Das Schweizer Berufsbildungssystem mit der engen Verbindung von Theorie und Praxis ist ein Erfolgsmodell, das volkswirtschaftlich wertvoll ist und international viel Anerkennung findet. Es ermöglicht vielfältige Bildungsmöglichkeiten, Karriereperspektiven und berücksichtigt die Bedürfnisse der Betriebe und des Arbeitsmarktes. Es kommt nicht von ungefähr, dass die Schweiz eine rekordtiefe Jugendarbeitslosigkeit aufweist.

Welche Bedeutung hat die Berufsmatura (BM) für die Wirtschaft?
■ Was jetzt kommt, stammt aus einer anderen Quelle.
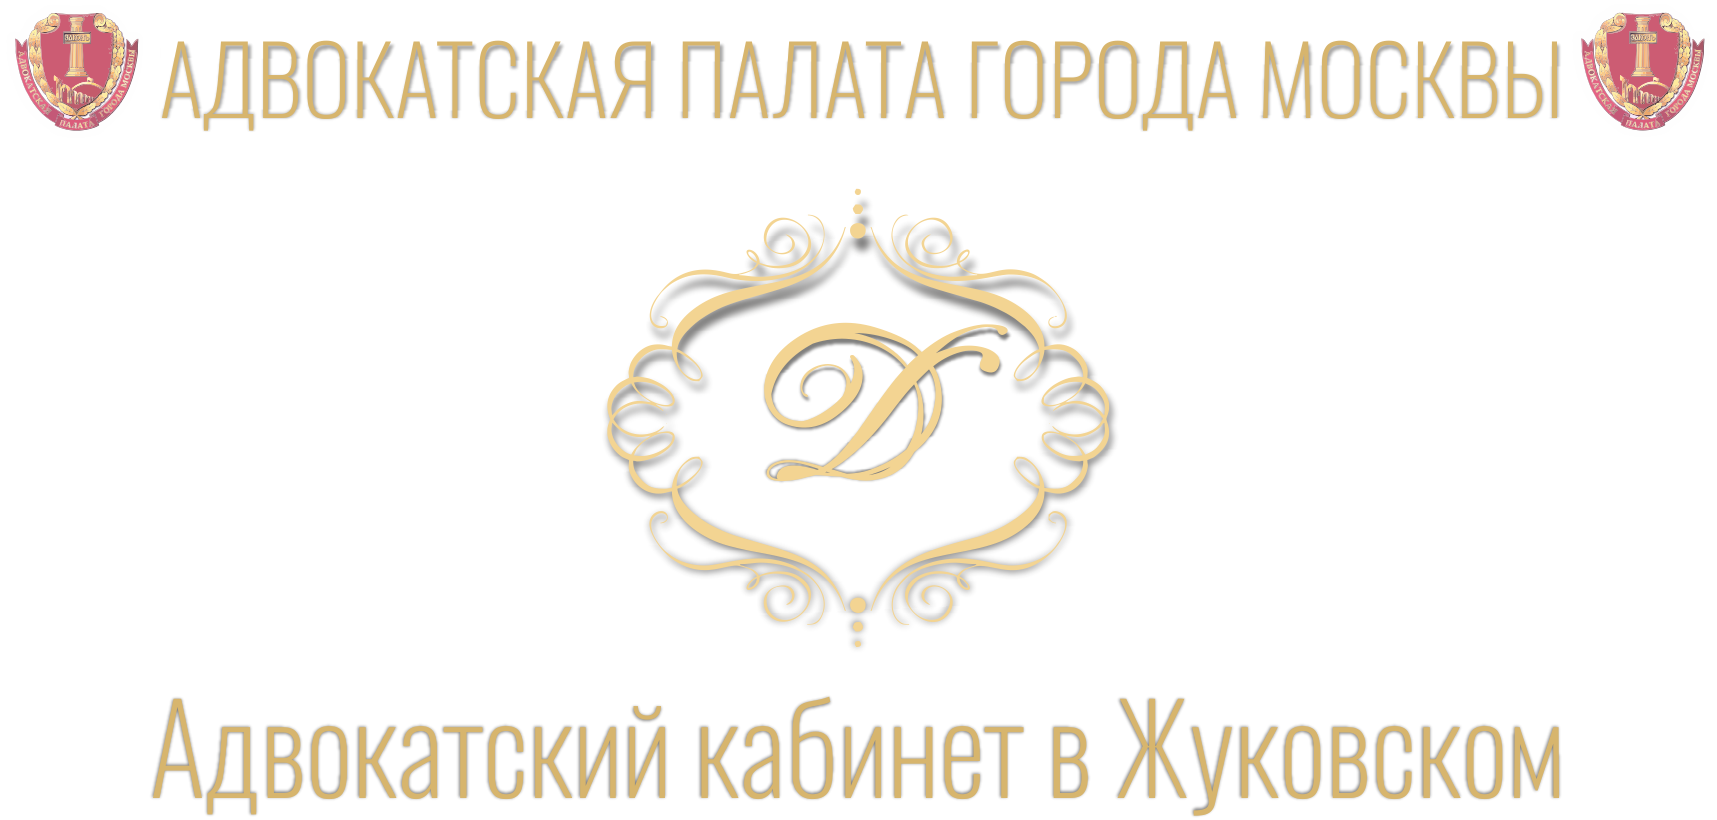 Адвокатский кабинет эмблема. Адвокатская палата Московской области логотип вектор. Адвокатская палата адвокатский кабинет

Eine sehr wichtige. Sie versorgt unsere Betriebe mit hochqualifizierten Fachkräften und stärkt deren Position im internationalen Wettbewerb. Wir brauchen die duale Ausbildung mit BM, um mit den rein schulischen Abschlüssen der technischen Bildungsinstitutionen des Auslands zu konkurrieren.

Die Schweiz leidet unter einem fortschreitenden Fachkräftemangel. Reicht es, wenn einer von zehn Berufslernenden die BM absolviert?

Mehr Berufsmaturanden wären auf jeden Fall wünschenswert, vor allem im technischen Bereich. Allerdings dürfen wir die Quote nicht auf Kosten der Qualität erhöhen. Denn die Schweiz braucht bestens qualifizierte Fachkräfte und nicht solche, die einen Titel nur aus Prestigegründen tragen.

Wie können mehr Jugendliche für die BM gewonnen werden?

Wir müssen dafür sorgen, dass die Ausbildung in der Volksschule mit den Entwicklungen in Wirtschaft und Gesellschaft Schritt hält. Denn auf dieser Stufe holen sich die jungen Menschen das Rüstzeug, um in der Berufsbildung erfolgreich zu sein. Weiter müssen wir den Lehrbetrieben aufzeigen, dass Berufsmaturanden im Schnitt produktiver sind als andere Lernende und dadurch die häufigeren Absenzen im Betrieb kompensieren.

Besonders leistungsfähige Primarschüler können zwischen gymnasialer Matur und BM auswählen. Die meisten ziehen das Gymi vor. Warum?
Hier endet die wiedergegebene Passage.